After locating the line that holds "[x City] Marina", repeat it and each following line exactly until the material ends, skipping pictures.

* _Raw data_
┄┄┄┄┄┄┄┄┄┄

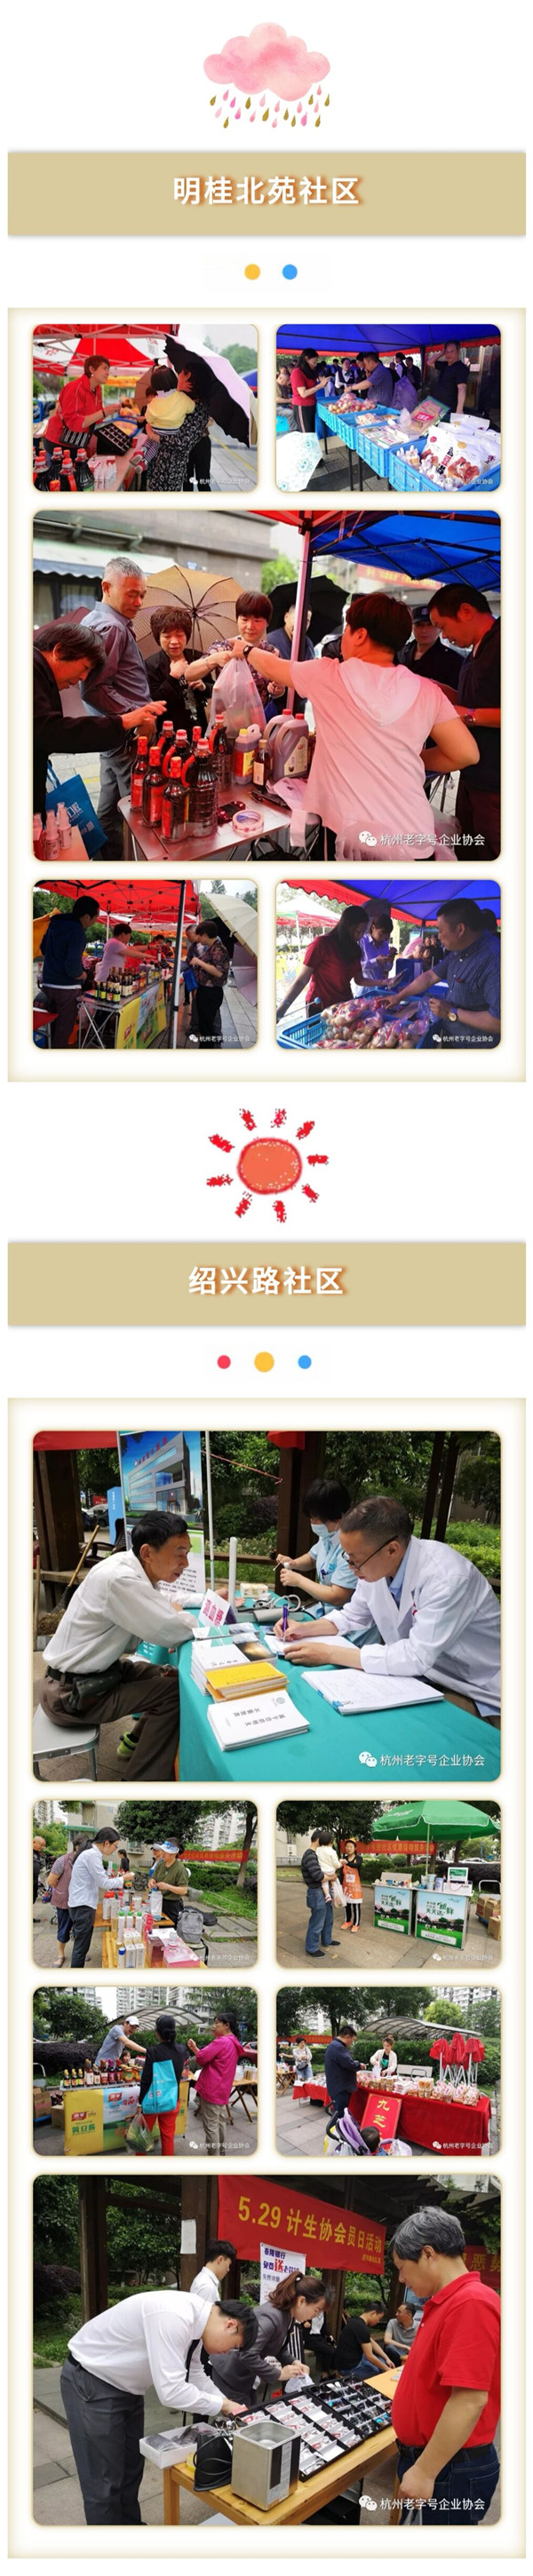 杭州老字号进社区公益促销服务活动在明桂北苑社区、绍兴路社区举行
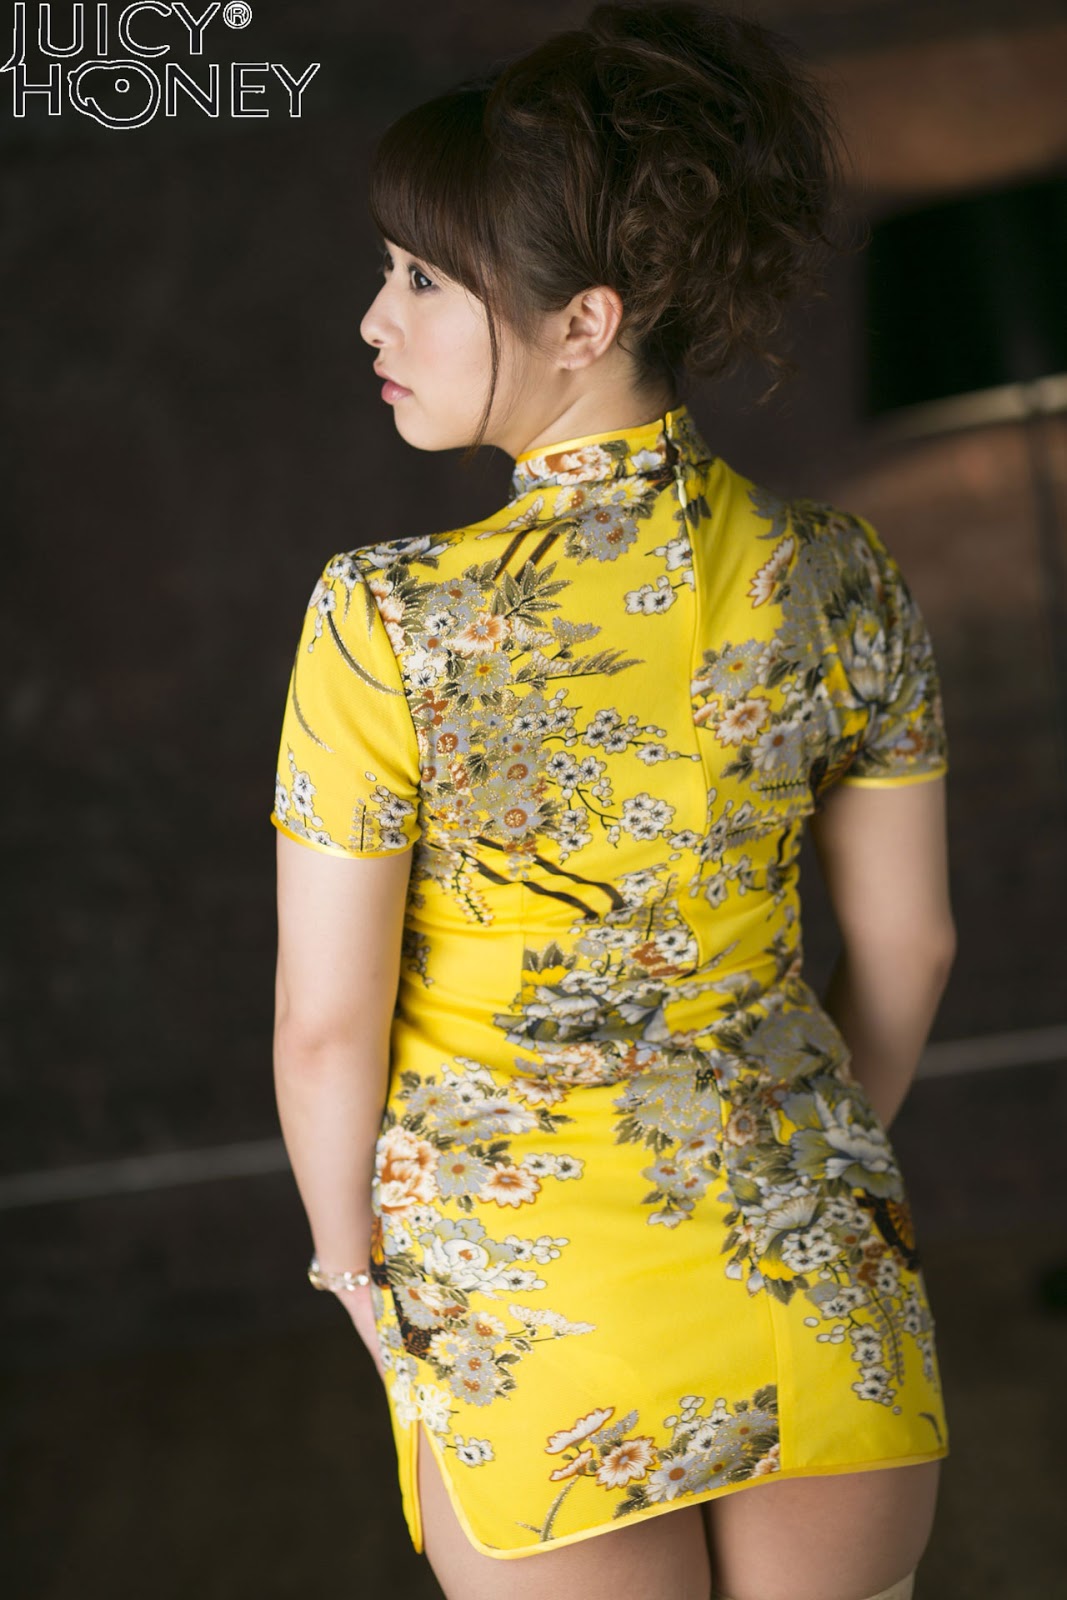 [x City] Marina Shiraishi Juicy Honey 147 Tabakus Gallery With
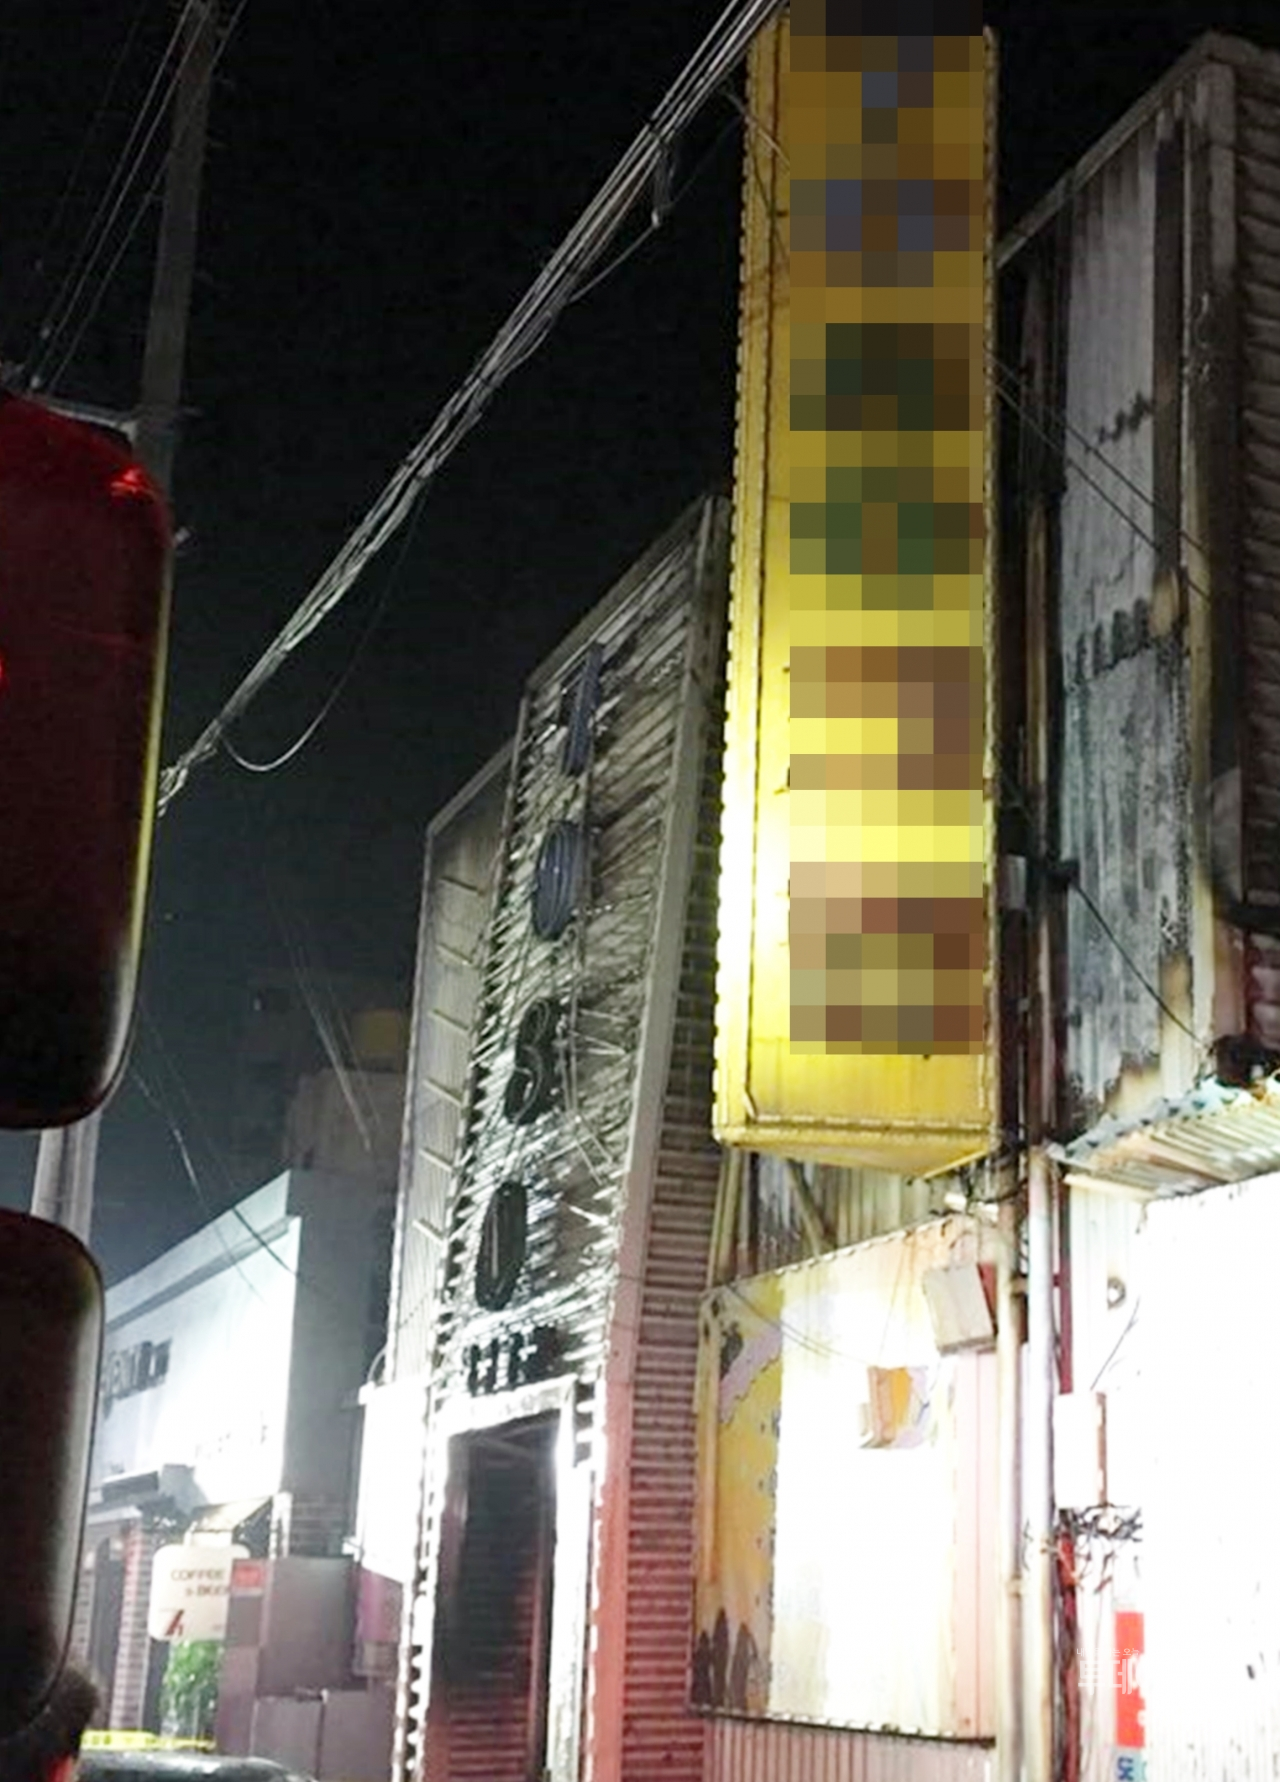 지난 17일 오후 9시 53분경 군산시 장미동 소재의 한 유흥주점에서 방화로 추정되는 화재가 발생해 3명이 숨지고 30명이 부상을 입었다 ⓒ뉴시스
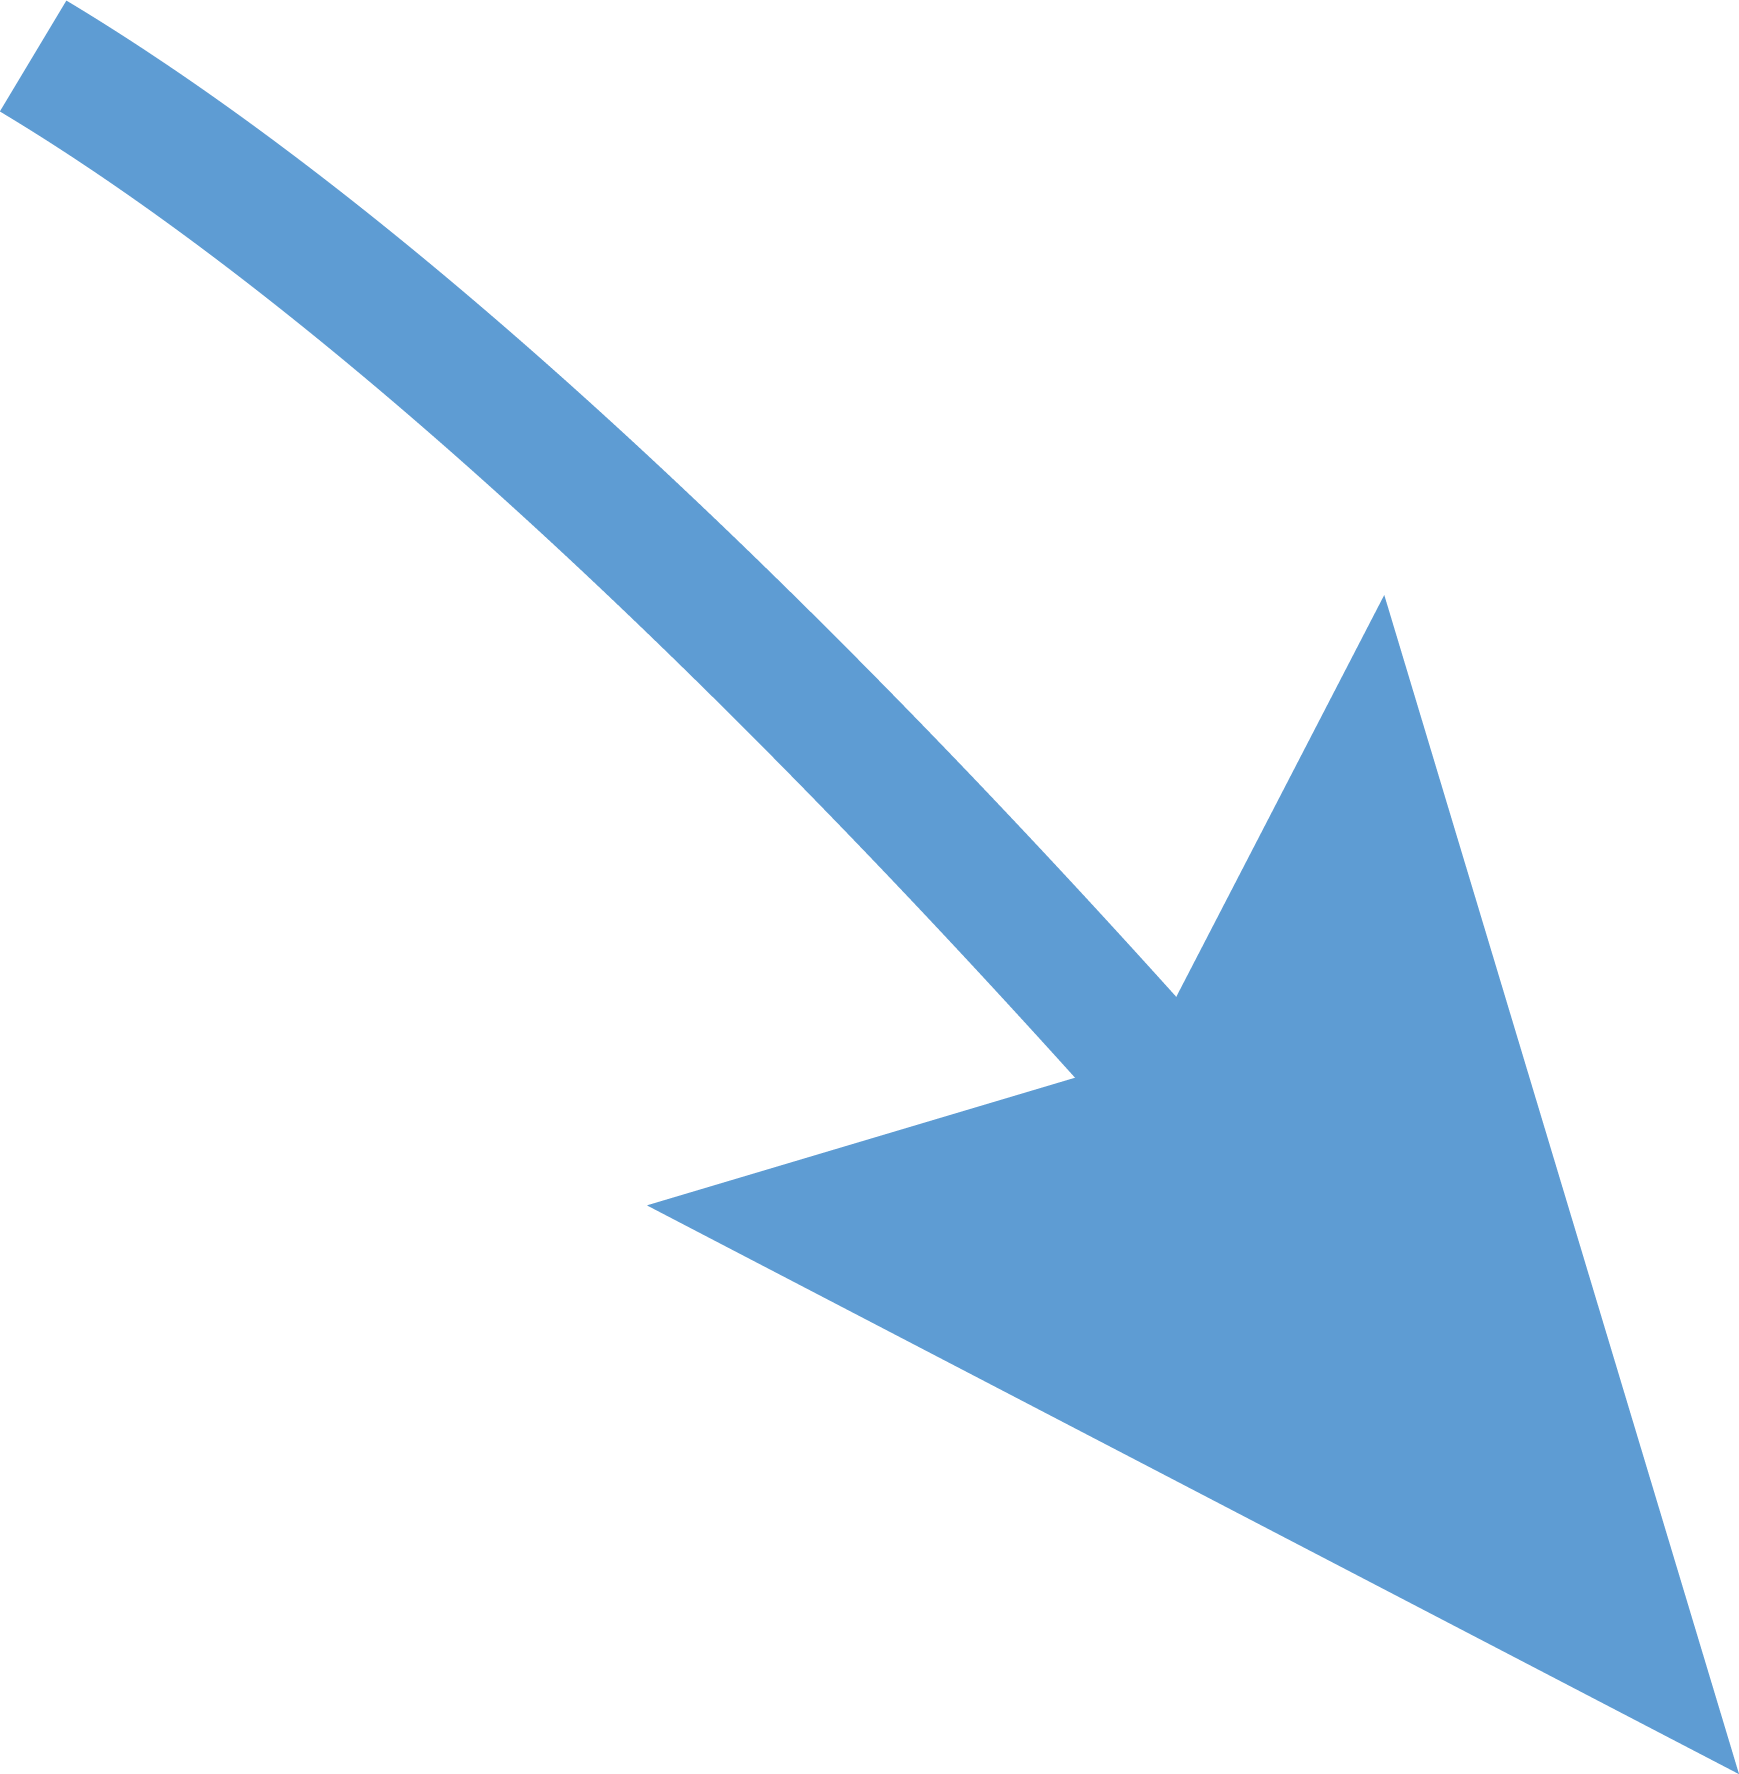 curved arrow

┄┄┄┄┄┄┄┄┄┄

* _Solution for this task_
 [x City] Marina Shiraishi Juicy Honey 147 Tabakus Gallery With
 지난 17일 오후 9시 53분경 군산시 장미동 소재의 한 유흥주점에서 방화로 추정되는 화재가 발생해 3명이 숨지고 30명이 부상을 입었다 ⓒ뉴시스
 curved arrow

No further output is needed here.